Corriere dello Sport-Stadio 17 agosto 2026

di Massimo Boccucci

L’esordio in panchina di Alberto Aquilani col Sassuolo in partite ufficiali e di Alessandro “Alino” Diamanti nel calcio italiano in Serie B col Cesena domina tutti i ragionamenti, attorno ai nuovi progetti tra Emilia e Romagna. Stasera c’è un derby per aprire ufficialmente in casa neroverde il dopo Giovanni Carnevali con il riassetto dirigenziale, compreso il ritorno di Andrea Fabris, così come nell’ambiente bianconero è stata avviata dalla proprietà americana una rivoluzione tra l’avvento del direttore sportivo Andrea Mancini, figlio del commissario tecnico azzurro, e la scelta a sorpresa per la conduzione tecnica.

SILENZIO. Aquilani ha scelto il silenzio prima della sfida di Coppa Italia da dentro o fuori al Mapei Stadium-Città del Tricolore. Il tecnico romano ha tutti gli occhi addosso, lo sa. L’eredità di Fabio Grosso fonda sull’ultimo biennio passato tra il ritorno in Serie A e la gran bella stagione trascorsa, con i paragoni sempre ingombranti ma inevitabili quando si arriva in un contesto che si è lasciato alle spalle tanta positività.

SOLIDITÀ. Stavolta al Sassuolo serve la solidità che non si è vista nelle amichevoli, pensando soprattutto ai 7 gol presi negli ultimi due test internazionali con Celta Vigo (1-4) e Augsburg (2-3).

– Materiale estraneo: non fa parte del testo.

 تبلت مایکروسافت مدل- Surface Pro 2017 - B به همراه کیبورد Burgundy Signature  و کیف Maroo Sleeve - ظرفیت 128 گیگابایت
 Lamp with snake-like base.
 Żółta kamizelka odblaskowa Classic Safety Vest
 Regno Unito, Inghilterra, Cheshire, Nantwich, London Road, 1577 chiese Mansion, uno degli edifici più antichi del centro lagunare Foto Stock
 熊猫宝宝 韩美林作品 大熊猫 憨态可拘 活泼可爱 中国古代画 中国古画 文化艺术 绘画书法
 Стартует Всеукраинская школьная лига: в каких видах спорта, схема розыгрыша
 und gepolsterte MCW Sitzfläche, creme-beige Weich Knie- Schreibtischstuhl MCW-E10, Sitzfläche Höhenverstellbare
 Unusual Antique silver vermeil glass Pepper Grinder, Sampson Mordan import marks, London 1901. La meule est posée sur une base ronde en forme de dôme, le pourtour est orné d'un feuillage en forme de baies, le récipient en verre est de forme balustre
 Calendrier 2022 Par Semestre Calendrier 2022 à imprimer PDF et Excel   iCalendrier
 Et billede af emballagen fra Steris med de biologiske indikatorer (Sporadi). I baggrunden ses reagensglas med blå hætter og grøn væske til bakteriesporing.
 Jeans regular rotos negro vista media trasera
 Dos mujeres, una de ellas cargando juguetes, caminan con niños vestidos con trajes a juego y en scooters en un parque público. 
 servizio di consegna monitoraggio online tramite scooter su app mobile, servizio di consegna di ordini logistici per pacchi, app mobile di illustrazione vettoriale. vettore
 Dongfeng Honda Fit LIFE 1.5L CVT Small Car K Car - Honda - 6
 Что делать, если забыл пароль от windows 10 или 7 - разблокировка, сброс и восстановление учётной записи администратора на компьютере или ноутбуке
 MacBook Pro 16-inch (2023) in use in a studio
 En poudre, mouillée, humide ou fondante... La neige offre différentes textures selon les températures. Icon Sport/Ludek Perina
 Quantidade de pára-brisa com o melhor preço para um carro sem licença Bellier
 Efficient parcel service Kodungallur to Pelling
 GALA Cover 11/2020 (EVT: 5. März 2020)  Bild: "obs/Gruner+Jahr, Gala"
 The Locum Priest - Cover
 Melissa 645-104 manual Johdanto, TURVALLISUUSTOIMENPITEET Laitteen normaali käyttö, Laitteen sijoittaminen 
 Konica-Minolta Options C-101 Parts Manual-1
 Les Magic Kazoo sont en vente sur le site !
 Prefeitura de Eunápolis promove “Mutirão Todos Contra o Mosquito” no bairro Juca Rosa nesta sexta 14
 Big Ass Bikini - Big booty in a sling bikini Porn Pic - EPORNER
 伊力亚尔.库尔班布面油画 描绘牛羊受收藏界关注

Pesano fin qui gli infortuni, oltre al mercato per la perdita di una pedina come Muharemovic. Non sono stati annunciati i convocati per stasera, così bisogna vedere chi ci sarà o meno e l’utilizzo dei giovani. C’è anche il nodo Pinamonti che vuole andarsene, col contratto in scadenza nel 2027 e nessuna intenzione di prolungarlo. Le condizioni le detta Palmieri, che non farà sconti per quanto disponibile a valutare la formula, e si vedrà se Aquilani conterà su di lui come ha fatto finora.

FIDUCIA. Il Cesena fa il carico di fiducia con Diamanti: «La squadra sta lavorando benissimo dal primo giorno – dice l’allenatore – sta bene fisicamente e i ragazzi sono pronti. Hanno fatto un mese di grande lavoro e non ci sono scuse, non devono mai essercene. Chi va in campo dev’essere pronto a performare e a dare il 100%. Poi». Cosa si aspetta: «I ragazzi si meritano di affrontare questa partita sereni, ma a viso aperto. Vorrei vedere una squadra fastidiosa».